YOUR OBJECTIVE:
Would you print the lines below exactly, beginning at the line that has "Sergio Mario Arredondo" and stopping after the line that has "Jean Paul Gaultier"? Only those lines, and no pictures.

DATA TO EXAMINE:
————————

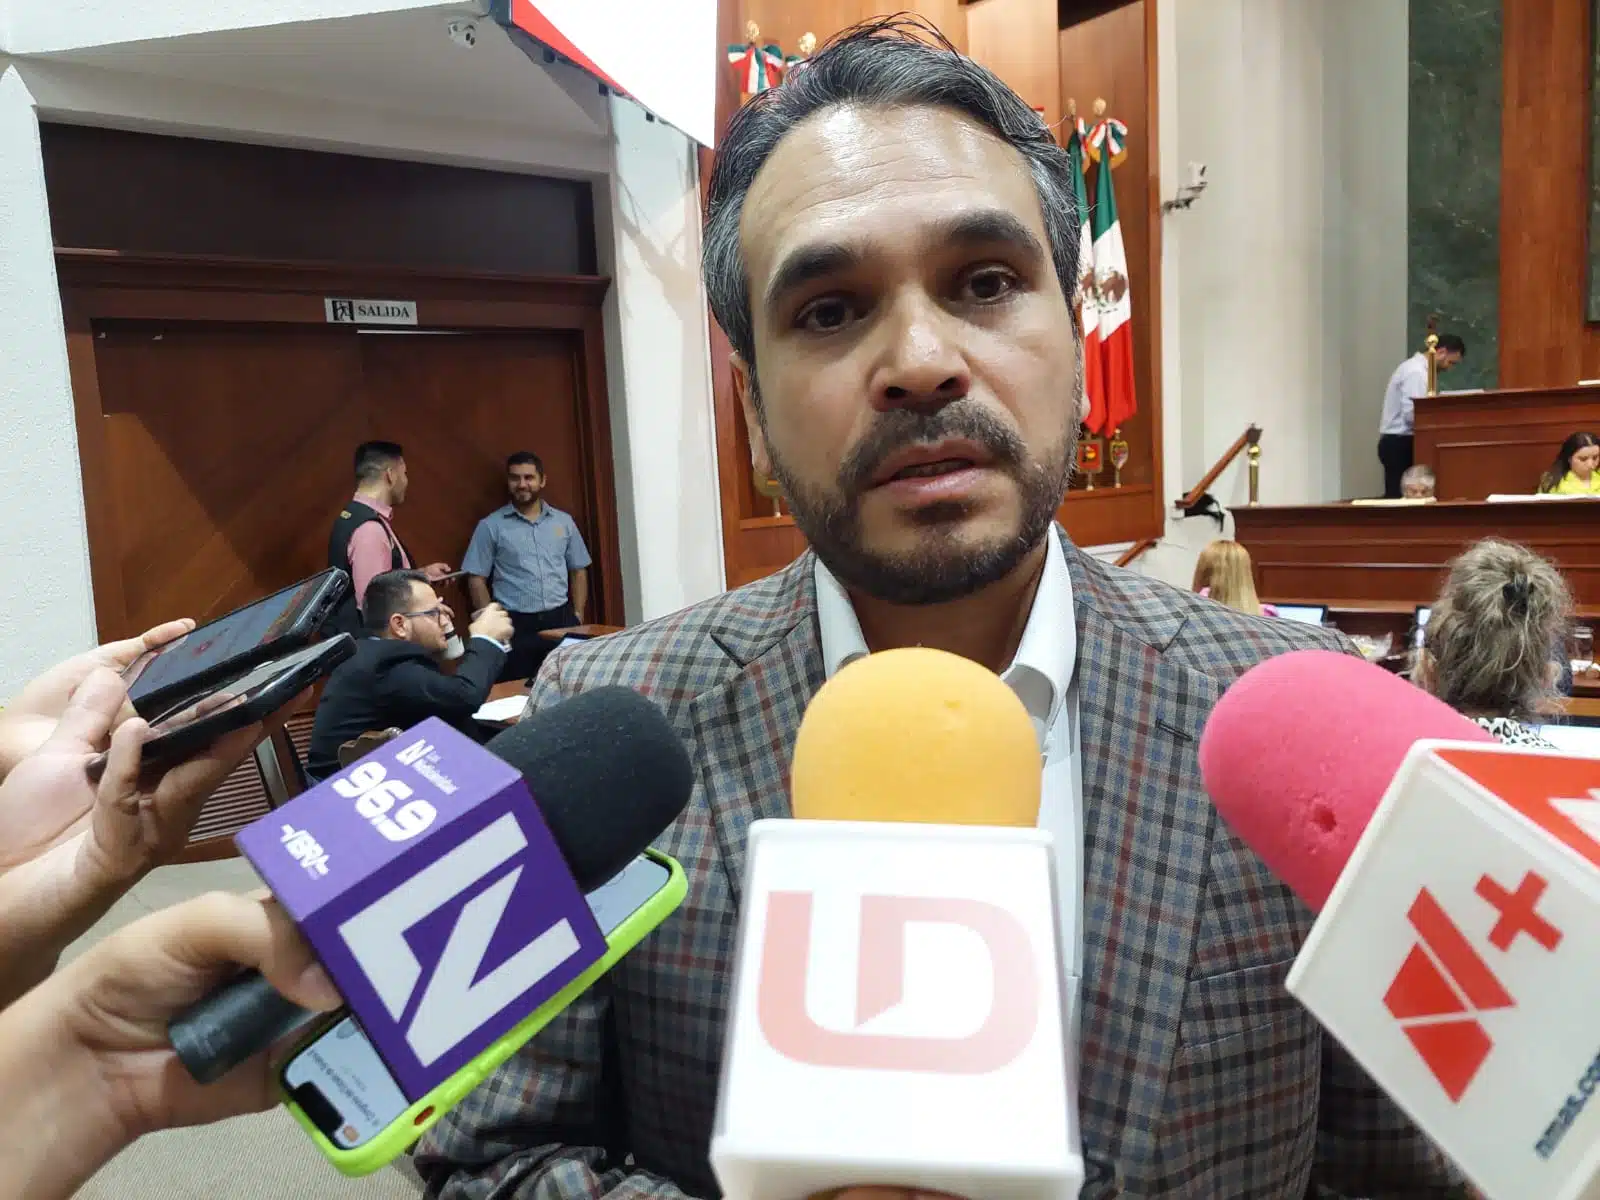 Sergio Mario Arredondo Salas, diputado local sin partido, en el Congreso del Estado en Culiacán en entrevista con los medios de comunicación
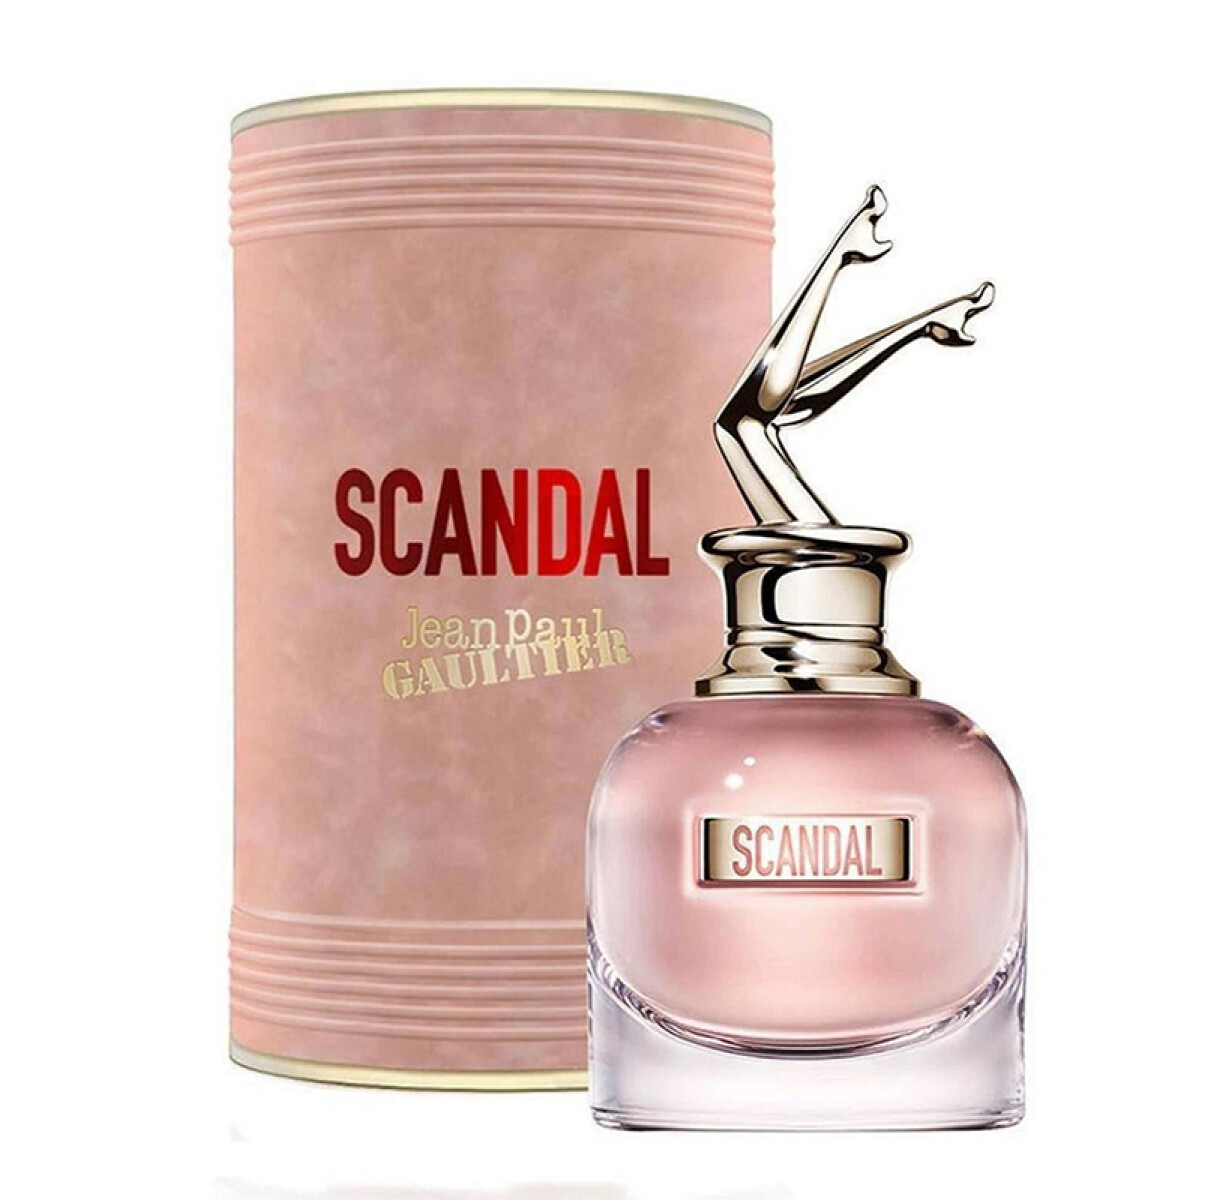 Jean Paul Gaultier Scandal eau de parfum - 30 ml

————————

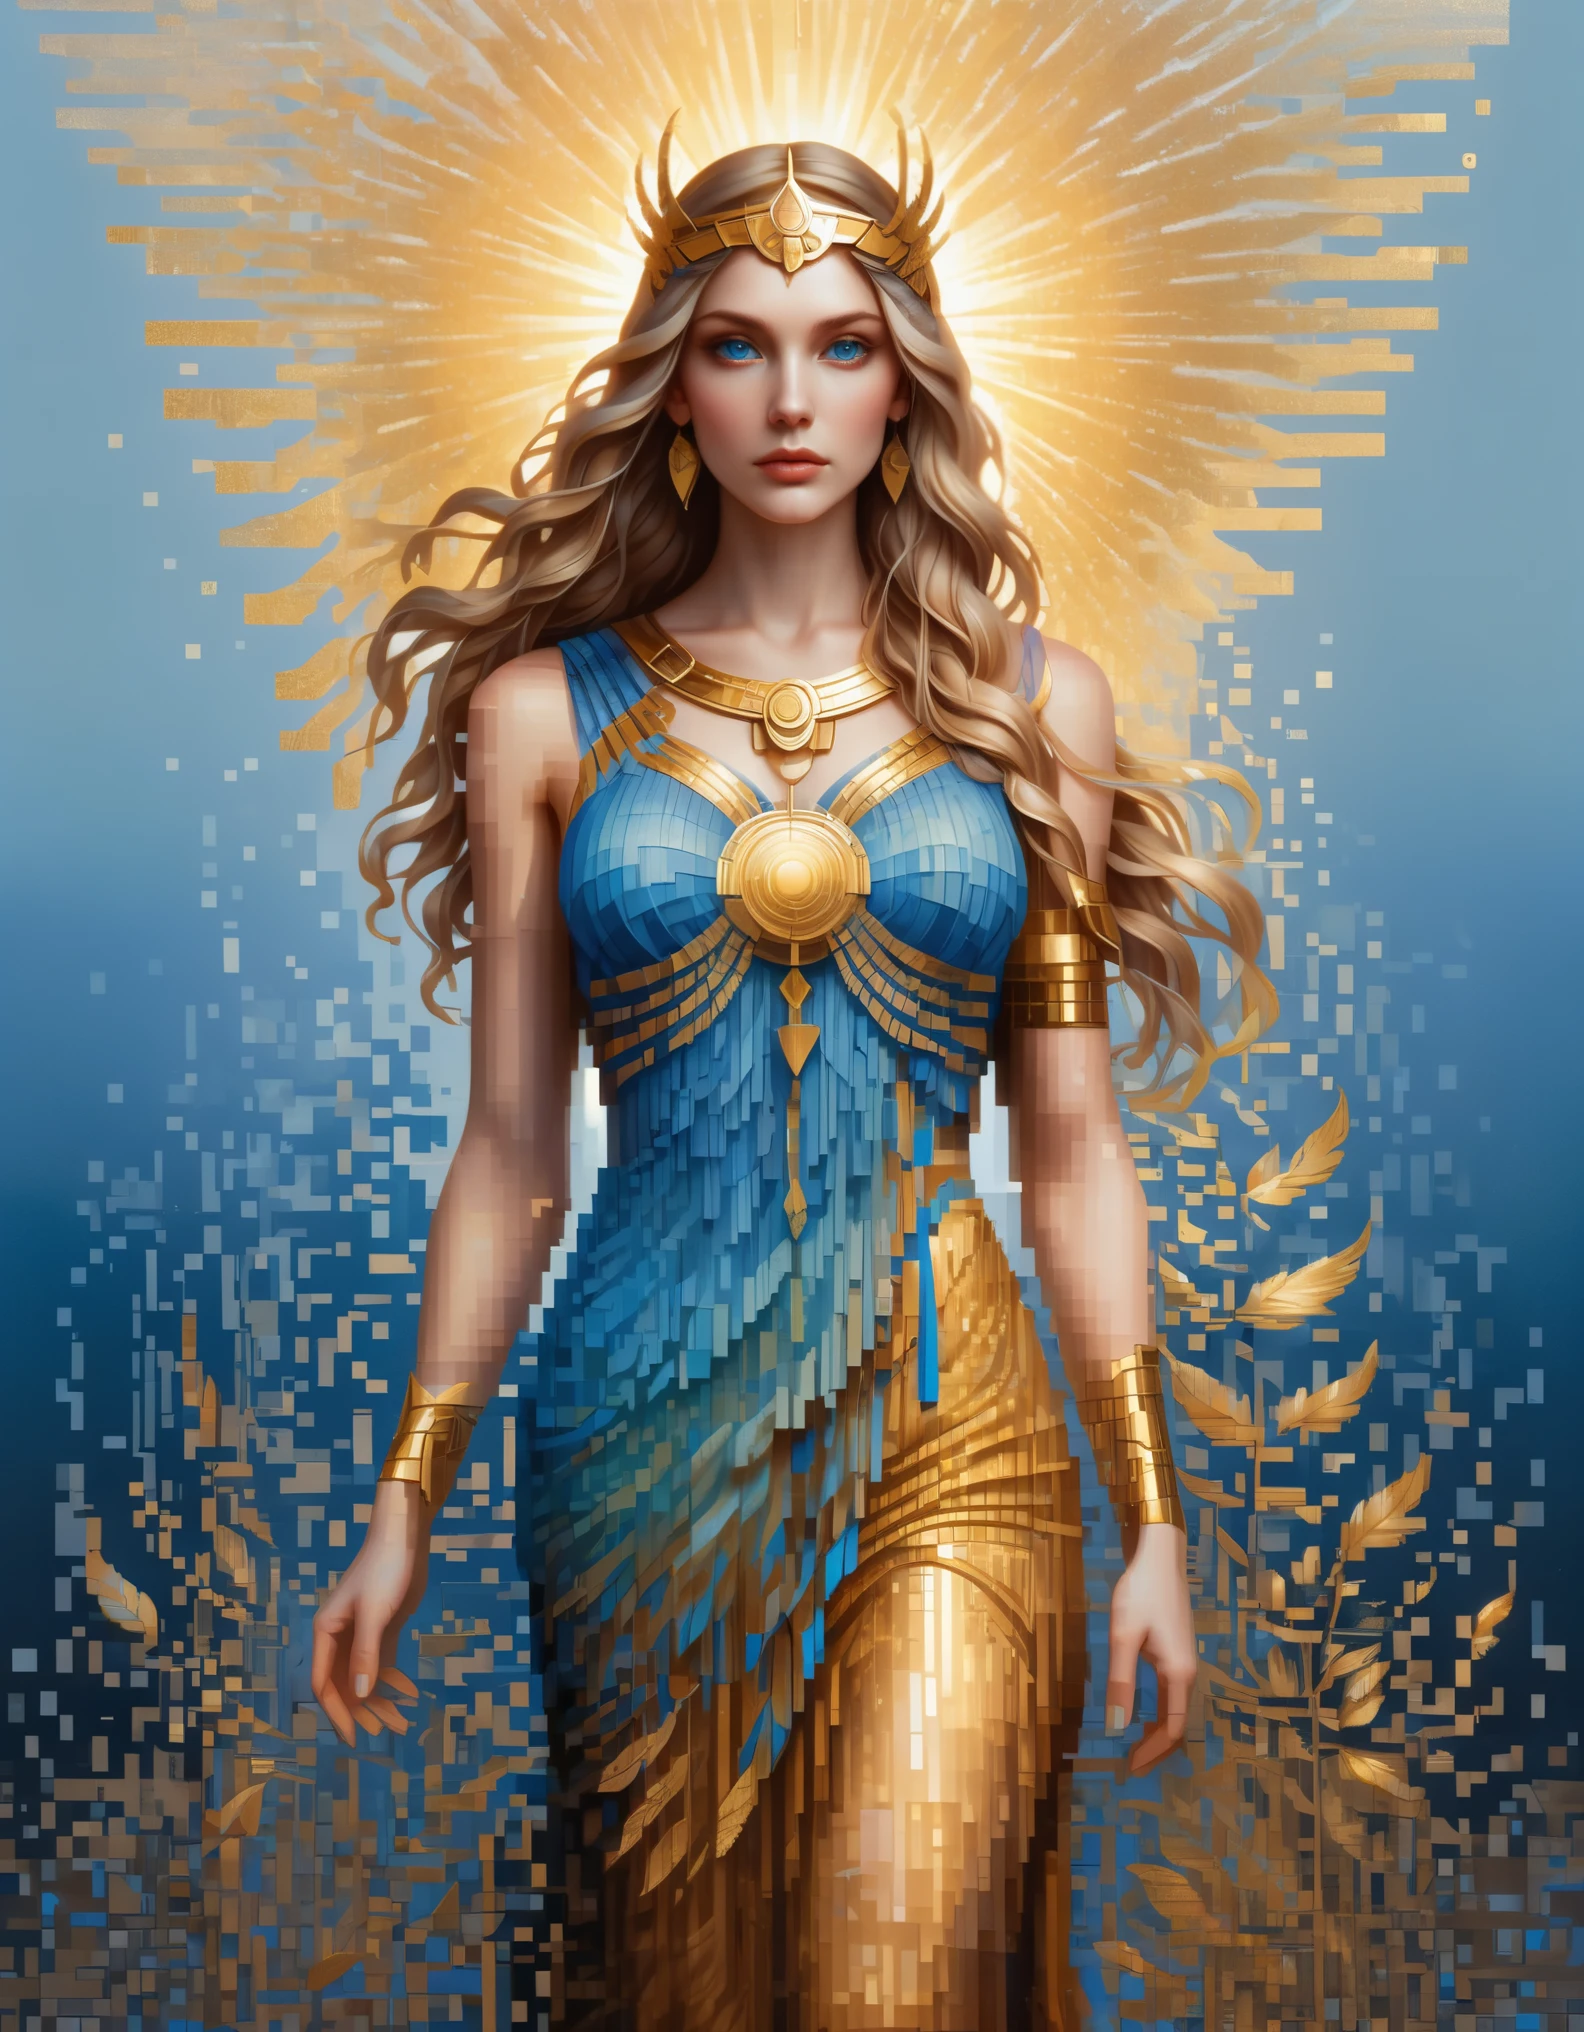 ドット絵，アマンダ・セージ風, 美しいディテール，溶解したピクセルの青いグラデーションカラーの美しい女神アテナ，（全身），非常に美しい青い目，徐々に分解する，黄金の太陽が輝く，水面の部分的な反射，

————————

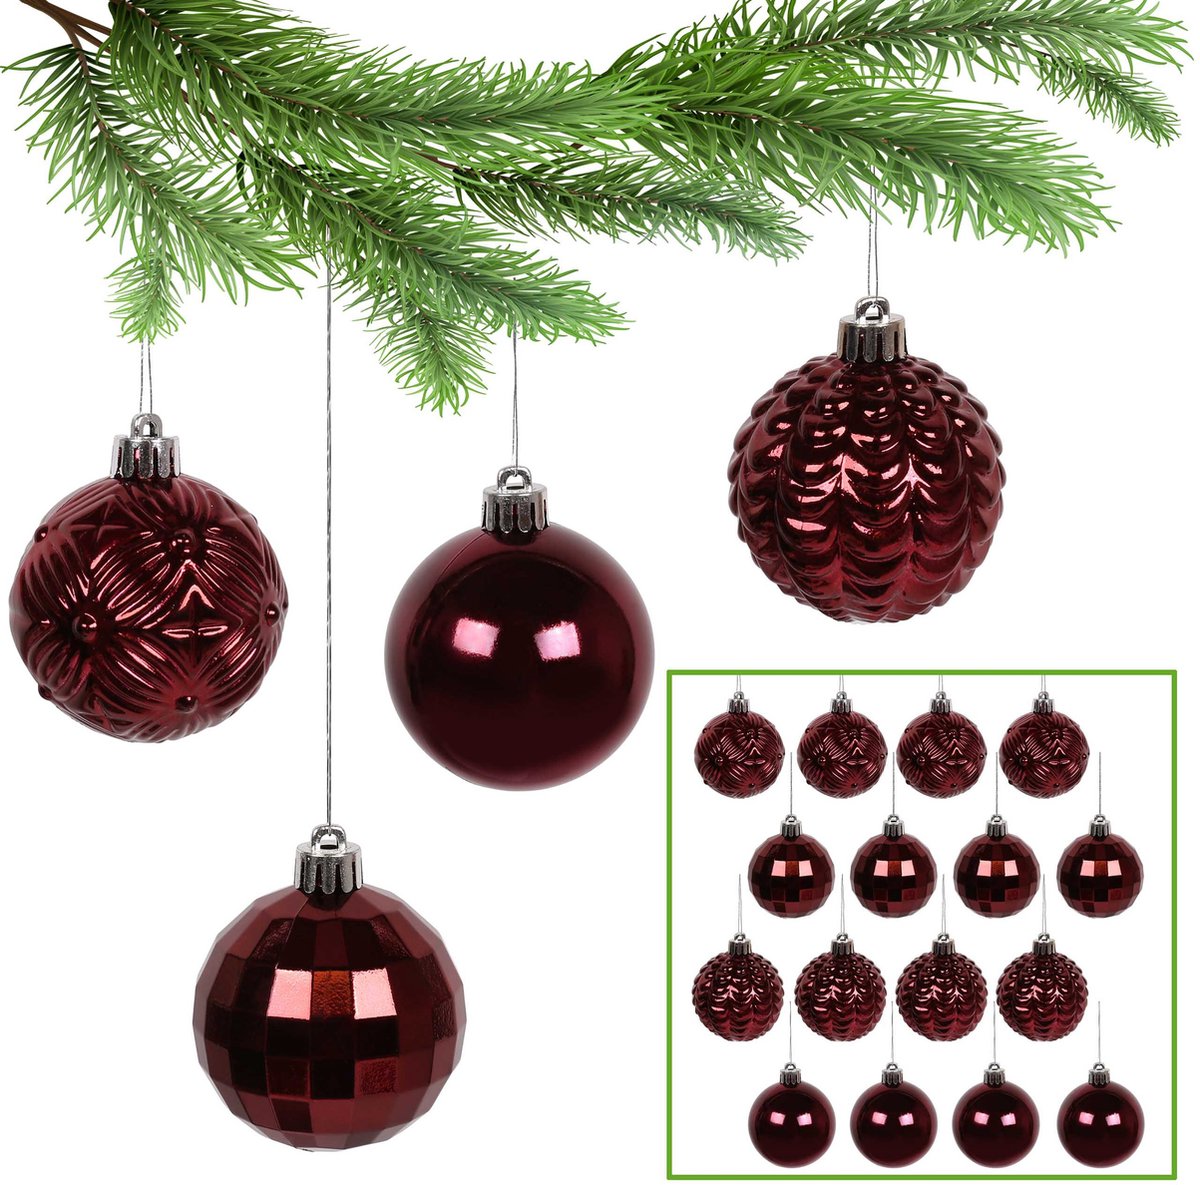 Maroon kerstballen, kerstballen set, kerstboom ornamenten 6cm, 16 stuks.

————————

EXPECTED ANSWER:
 Sergio Mario Arredondo Salas, diputado local sin partido, en el Congreso del Estado en Culiacán en entrevista con los medios de comunicación
 Jean Paul Gaultier Scandal eau de parfum - 30 ml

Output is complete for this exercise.